HTAP databases, i.e., Transactional Analysis Mixed Load DBs, have become a popular new type of database. Not only is the concept very hot, but it has also gradually become in addition to OLTP, and OLAP, more and more database users of the new selection specification. However, at the same time, there are many phenomena: First, overnight, all databases have become HTAP databases; second, in addition to the "can simultaneously carry transactions and analyze SQL" this easy to fuzzy understanding, there is no unambiguous definition; naturally, the application of HTAP scenarios, but also the eight immortals across the sea, the various and unclear. Naturally, the application scenarios of HTAP are also varied and unclear. These, all lead to HTAP has become a gimmick tendency.
It is argued that since HTAP is to become a new standard and specification, it must be as clearly defined as possible. The most basic principle to achieve this is that it must be technically different from the classic database capabilities of the past (not just distributed), and must bring innovation and upgrading to the customer's digitalization process, which includes the business architecture, application architecture, data architecture, and technical architecture at the same time. For this principle, its definition and definition can be continuously explored, but this paper only puts forward the following points for reference:
(1) HTAP in the technical architecture and design goals should not be equivalent to the classic Oracle and MySQL, or distributed Oracle and MySQL-like, because if the classic Oracle and MySQL is also considered HTAP, then (measured by "can carry transactions and analyze SQL"), certainly is If classic Oracle and MySQL are considered HTAPs (measured by the ability to carry transactions and analyze SQL at the same time), then the definition of HTAP is meaningless;
(2) htap database transactions and analysis of the execution of the task should be able to achieve transparent use of the user and have a non-influential basis, rather than more than the AP greatly affects the TP, TP more than a significant impact on the AP, the classic Oracle and MySQL is the same;
(3) HTAP should not be oriented to the number of warehouse class pure OLAP needs. That is, its enhancement of enterprise data architecture, at this stage, should not be aimed at abandoning the data warehouse system;
(4) A modern HTAP database, should be a distributed database.
As I said earlier, HTAP should be the business and architectural innovation and enhancement, not just replacement or performance improvement. From this point of view, this paper considers that HTAP application scenarios are mainly focused on the following two aspects:
Analytic-Embedded OLTP
With the ability of HTAP, the future of transactional business systems should be on the business transaction side, inherently be analyzed, and not affect the performance of the transaction and data consistency. Such as wind control, marketing, or other original data platform in the background through data migration and synchronization to complete the ability, a considerable part, can be migrated to the side of the business system to complete in real-time, become an inherent function of the business system, so that it can complete a certain degree of business closed-loop, which is inevitably technology-driven development of the important direction of modern business.
Future business systems should be designed according to this standard, which is of great significance to the transformation and upgrading of the business capabilities of modern trading systems.
Data SuperStore
Most of the data warehouse (Data Warehouse) systems are for "management" and born, the application makes it difficult to enjoy the dividends of data. In the vast majority of enterprises, after spending a lot of effort to establish a data warehouse (Data Warehouse) system, the business system and most of the staff can only "request technical assistance to complete" and "the data into the business system to" two ways to use the data. This phenomenon of separating applications and data is a pain point that most enterprises have been extremely concerned about for a long time in the past and still today.

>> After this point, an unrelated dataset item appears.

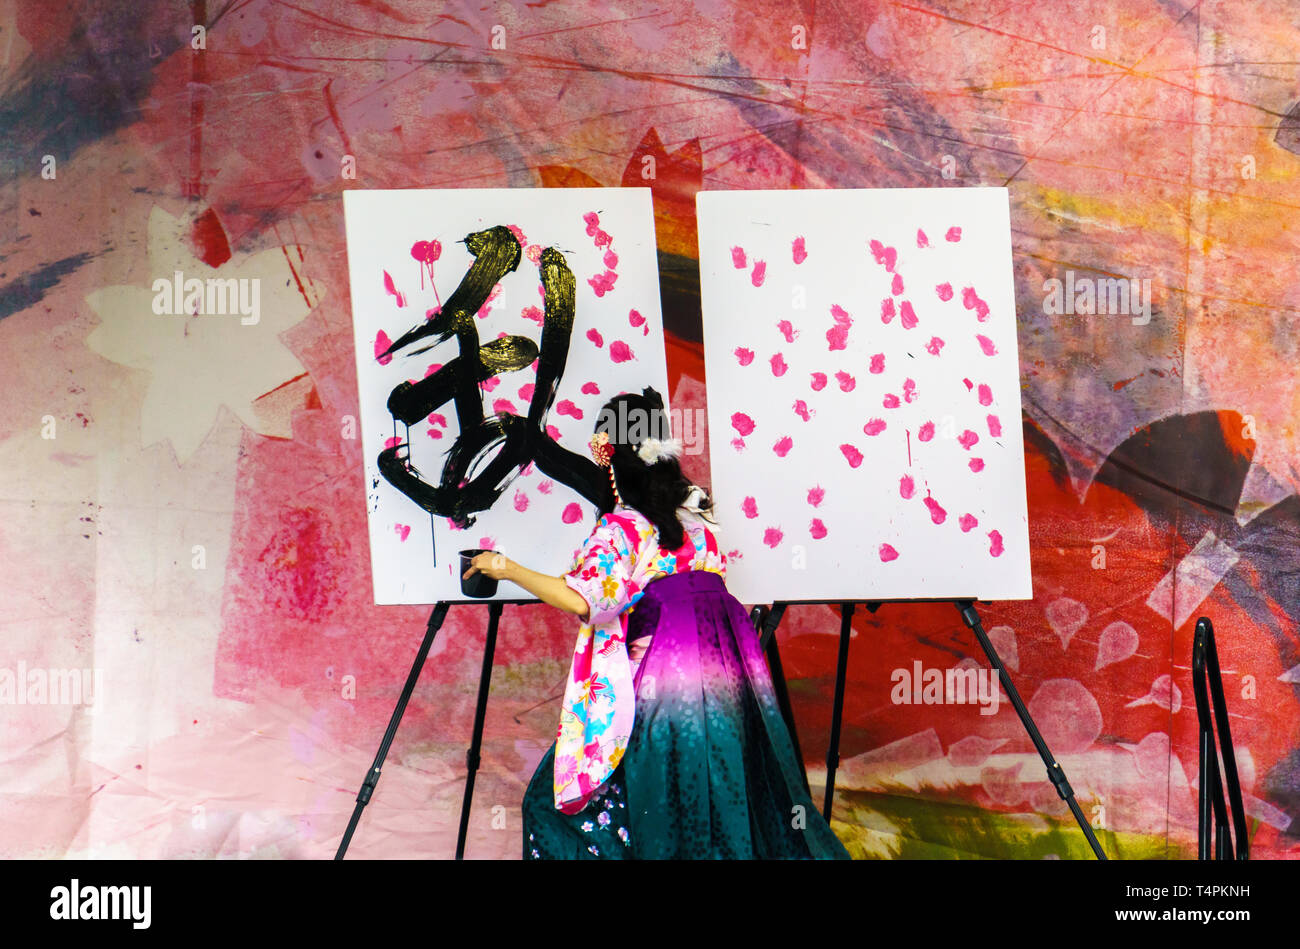 Vancouver, BC / Canada - April 14, 2019: Japanese woman wearing kimono is creating art by painting at Sakura Days Japan Fair, Cherry Blossom Festival Stock Photo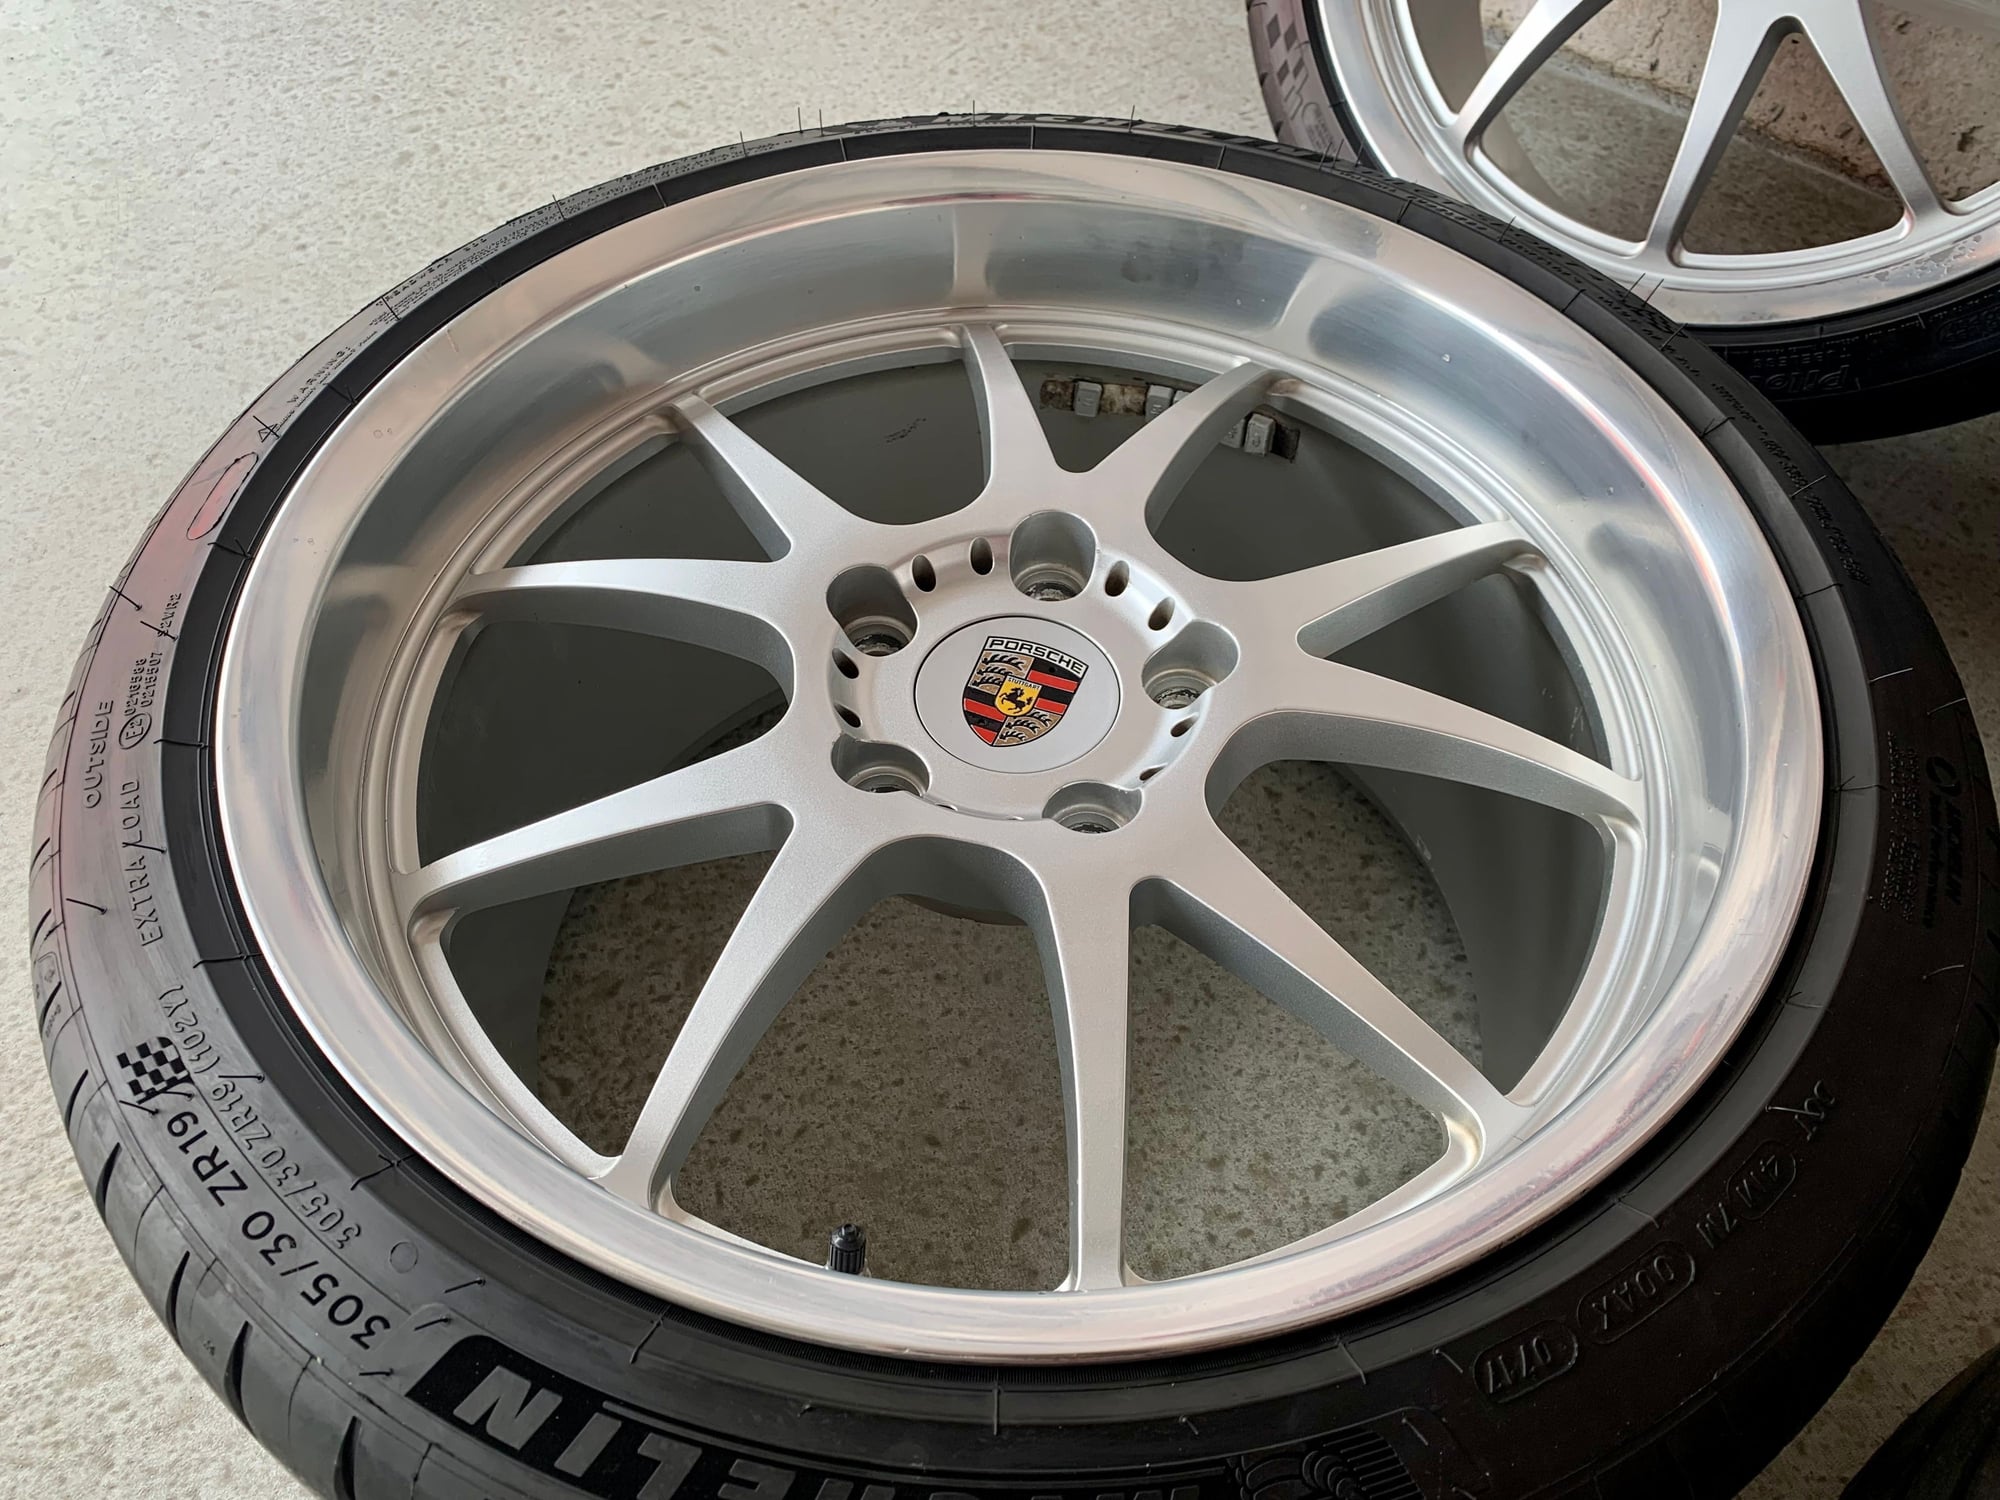 Wheels and Tires/Axles - Rare! Champion Motorsports RS98 Forged Wheels & Tires - Used - 0  All Models - Brampton, ON L6Y6C5, Canada

Data consumption-oriented, on top of the existing data platform, the establishment of "use" as the core, "management" as the basis of the data services platform, that is, the correct interpretation of the concept of the data center, has become a lot of business planning and implementation of the key innovation and upgrading of one of the applications. It is different from Data WareHouse in storing and managing, but it allows users across the enterprise will be able to data (accurately business-oriented organization of the data assets, because it is not the focus of this article, not to be repeated here) as a supermarket of commodities as free to choose and consume, so that the entire enterprise to enjoy the dividends of the data, so here that the call data service supermarket (Data) Therefore, it is more appropriate to call it Data SuperStore. However, leaving aside the establishment of the data asset system and other architectural and modeling aspects, what kind of database should be used to host the SuperStore?
SuperStore for data consumption, that is, to carry a large number of from the whole enterprise, high concurrency service-oriented query requirements (QPS TP type), but also to carry a large number of exploratory statistical analysis needs (AP type), this requirement is not a pure OLAP database, but also not a pure OLTP database can meet, and obviously must be elastic distributed. Therefore, in the past, a considerable number of data services platforms used multiple types of databases, combined to meet different needs designs. HTAP database, then, should be the best choice for the scenario.